Businesses around the world are looking for ways to help in response to the COVID-19 pandemic, while continuing to sell products and services and keep people employed. From the C-suite to managers to employees at all levels, great ideas are popping up. But how can they be turned into reality as quickly as possible?

I have some experience on this front. When Hurricane Katrina struck the U.S. Gulf Coast in 2005, I was with the advertising and marketing agency Saatchi & Saatchi. My team and I were sitting in a bar with the brand team for Tide, one of our biggest clients. We got to talking about how we’d love to create something to help. Pens came out, and together we scribbled on the back of a napkin. Two weeks later, our idea came to fruition: Loads of Hope, trucks filled with working washing machines and dryers. People struggling in the aftermath could drop off their dirty clothes, and we would clean and fold them. These mobile laundromats continue to be deployed to afflicted areas today, and have helped tens of thousands of families.

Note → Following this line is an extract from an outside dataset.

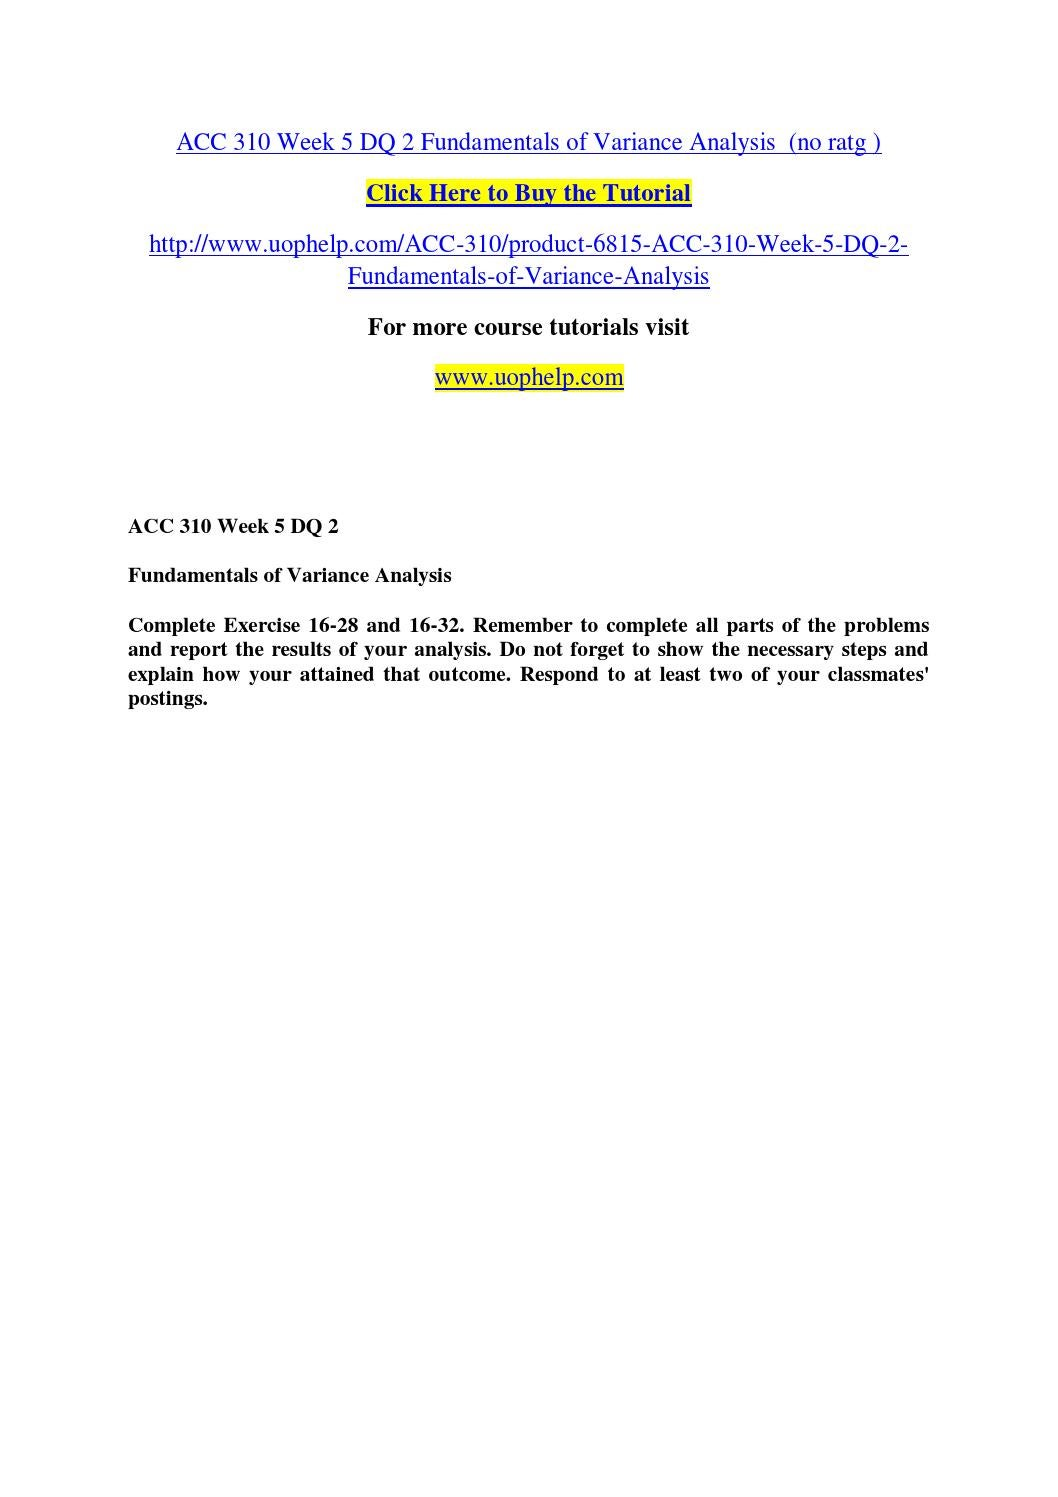 Acc 310 week 5 dq 2 fundamentals of variance analysis (no

Early during the COVID-19 pandemic, a contact in Asia and I got to talking about how kids would need washable masks for school. Within a few weeks, we had Crayola on board, and the SchoolMaskPack program was launched. Families can buy a set of five color-coded kid-sized masks, one for each day of the school week, which can be washed and reused. Demand has been so great that the manufacturer recently had to expand operations to multiple countries.

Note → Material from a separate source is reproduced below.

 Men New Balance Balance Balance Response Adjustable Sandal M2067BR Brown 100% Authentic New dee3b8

In both these cases, we were able to move very quickly because we had three crucial ingredients for fast-tracking new ideas.

Innovation as a mission

There’s a big difference between supporting innovation and making it an institutional imperative. Crossing this divide starts with a mindset that business leaders must instill in their organizations: Innovating is a mission, not just a nice idea. It’s something all employees should be working on, in some way, at all times. (As Barry Jaruzelski, Robert Chwalik, and Brad Goehle noted in these pages in their article on top innovators, “Apple’s innovation mind-set is thoroughly integrated in the mission as well as the organization of the company.” CEO Tim Cook describes the company as “a group of people who are trying to change the world for the better.”)

An emergency is a great time to walk the walk. Invite everyone to immediately contribute ideas and have their voices heard. This is what happened with Loads of Hope. The group of us at the table in that bar included people at all levels, from an assistant brand manager at Tide to its brand director, and from a junior account executive of our firm to me, the executive vice president. We were all tossing out ideas, regardless of our place in the institutional hierarchy.

As the concept started to take shape, we all helped refine it. We also knew this conversation wasn’t just theoretical, because the brand was serious about its mission.

Unrealistic timelines

“Unrealistic” timelines usually get a bad rap. But in the midst of an emergency, when it comes to stepping up the pace of innovation, they can be useful. Setting what seem to be impossible deadlines (and understanding the challenges in meeting them) can unleash positive energy and push people to think in new ways. For Loads of Hope, the Tide team needed to find a partner who could get trucks outfitted with washers and dryers. The process for selecting a partner, which could take months in any organization, had to happen virtually overnight. Fortunately, the brand’s leadership team was committed and set aside all the usual steps so the project could happen.

With SchoolMaskPack, my partner and I built in a 24-hour work schedule from the outset. Since we had personnel in various time zones, tasks could be handed off in a “follow the sun” business model. (After all, at 6:00 pm in Sydney, it is 9:00 am in London.) Crayola had people available at any hour to instantly approve or weigh in on decisions, with no need for delays or red tape.